Because LC8 is a subunit of cytoplasmic dynein, our findings suggest that cytoplasmic dynein is the motor for retrograde IFT. The outer arm dynein, which also contains LC8 and is potentially in the correct location to generate IFT, can be ruled out as the retrograde motor because mutants lacking the outer arms have normal IFT (Kozminski et al., 1993). LC8 is not necessary for flagellar surface motililty (Bloodgood, 1989), indicating that retrograde IFT and retrograde surface motility are powered by different motors.
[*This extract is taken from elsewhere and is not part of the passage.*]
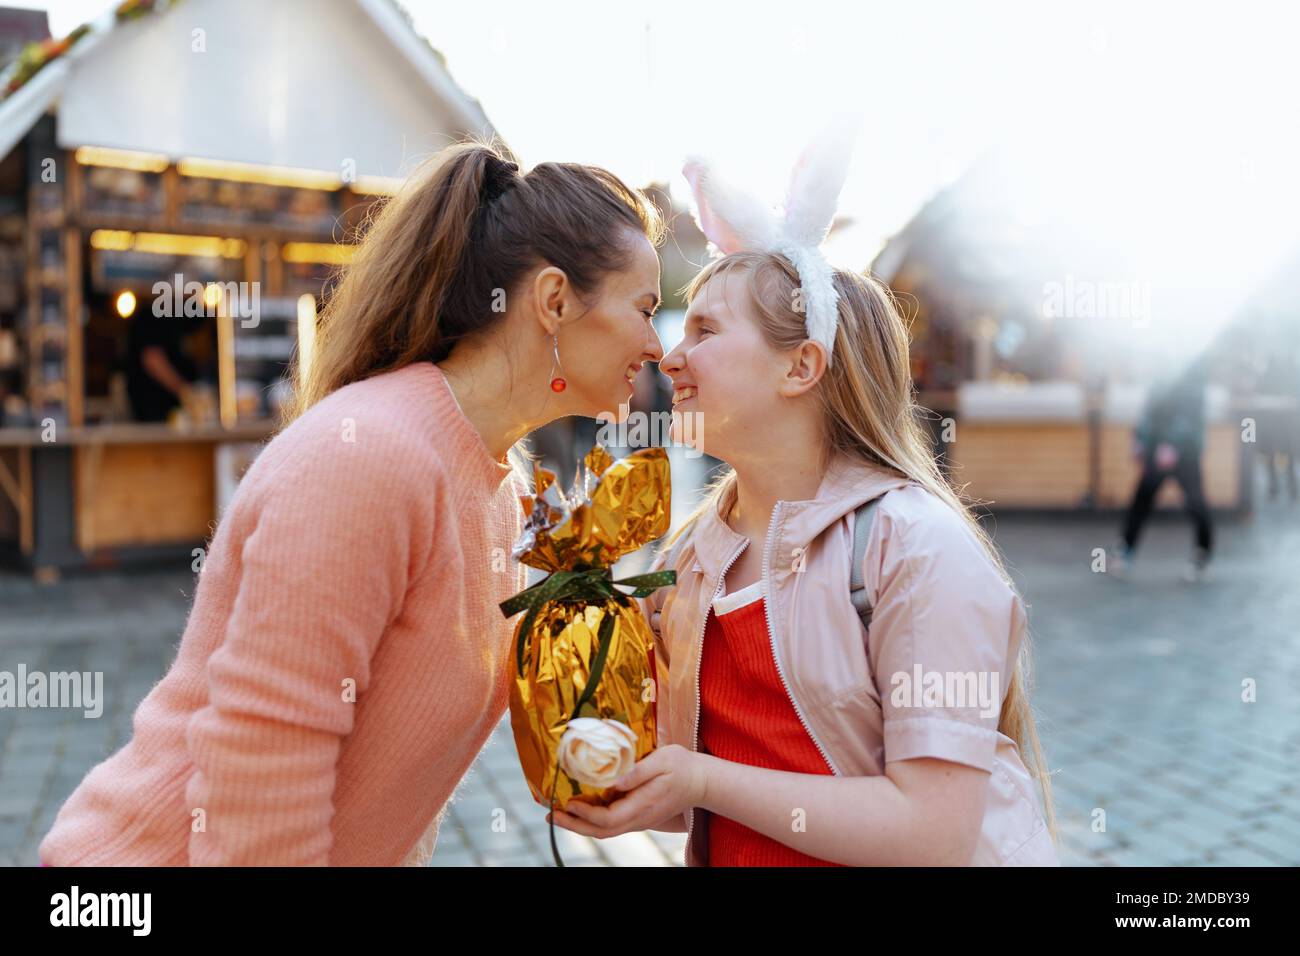 Osterspaß. Lächelnde moderne Mutter und Kind mit goldenem osterei auf dem Jahrmarkt in der Stadt. Stockfoto

Recently, novel 15-16S particles have been identified in the cytoplasmic matrix fraction of Chlamydomonas flagella (Cole, D.G., and J.L. Rosenbaum. 1996. Mol. Biol. Cell. 7:47a; Piperno and Mead, 1997; Cole et al., 1998). Concomitant with the accumulation of rafts in the flagella of LC8 mutants, we find a massive accumulation of the polypeptides that are postulated to be components of these complexes. These results confirm that the 15-16S particles are subunits of the rafts (Cole et al., 1998).
Because Chlamydomonas is advantageous for both biochemical and molecular genetic studies, the null mutants described here should be very useful for definitive identification of the retrograde IFT motor, and for understanding the role of LC8 in the functioning of this motor. The mutants also should be useful for determining the full repertoire of complexes with which LC8 is associated in Chlamydomonas, and whether LC8 plays a direct role in the assembly of structures such as the inner and outer dynein arms.
Materials And Methods
Chlamydomonas reinhardtii strains used in this work included: g1 (nit1, NIT2, agg1, mt+) (Pazour et al., 1995), 137c (nit1, nit2, mt+), CC124 (nit1, nit2, mt−), ida1 (ida1, mt+) (obtained from R. Kamiya, University of Tokyo, Tokyo, Japan), and pf18 (pf18, mt−). Strains 137c, CC124, and pf18 can be obtained from the Chlamydomonas Culture Collection (Duke University, Durham, NC). Strains produced in the course of this study included: V64 (fla14-1::NIT1, nit1, mt+) and V101 (fla14-2::NIT1, nit1, mt+), both insertional mutants obtained by transforming g1 with cloned NIT1 DNA; F5 (FLA14, fla14-1::NIT1, nit1, mt+) obtained by transforming V64 with the cloned FLA14 gene; and 2782.1 (FLA14, fla14-1::NIT1, mt−) obtained by crossing F5 to 137c.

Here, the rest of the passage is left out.